Q: What is the relationship between the Taylor series expansion and the power series expansion?

A: The Taylor series expansion and the power series expansion are related by the following formula:

$$f(x) = a_0 + a_1x + a_2x^2 + a_3x^3 + \cdots$$

where $a_0$, $a_1$, $a_2$, $a_3$, $\ldots$ are constants.

Q: What is the difference between the Taylor series expansion and the power series expansion?

A: The Taylor series expansion and the power series expansion are the same, except that the Taylor series expansion is centered at a fixed point $a$, while the power series expansion is centered at $x = 0$.

Q: Can we use the Taylor series expansion to approximate the value of a function at a point other than the center of the expansion?

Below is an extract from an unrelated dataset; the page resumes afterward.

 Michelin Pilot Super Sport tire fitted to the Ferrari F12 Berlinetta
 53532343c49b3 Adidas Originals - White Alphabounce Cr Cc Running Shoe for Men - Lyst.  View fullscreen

A: Yes, we can use the Taylor series expansion to approximate the value of a function at a point other than the center of the expansion by using the following formula:

$$f(x) = f(a) + \frac{f'(a)}{1!}(x-a) + \frac{f''(a)}{2!}(x-a)^2 + \frac{f'''(a)}{3!}(x-a)^3 + \cdots$$

where $a$ is the center of the expansion, and $x$ is the point at which we want to approximate the value of the function.

Code

import math
def taylor_series_expansion(x, n):
result = 0
for i in range(n):
result += (3i) / math.factorial(i) * (xi)
return result
x = 0.1
n = 10
result = taylor_series_expansion(x, n)
print(result)

This code computes the Taylor series expansion of $e^{3x}$ up to the $n$-th term and prints the result.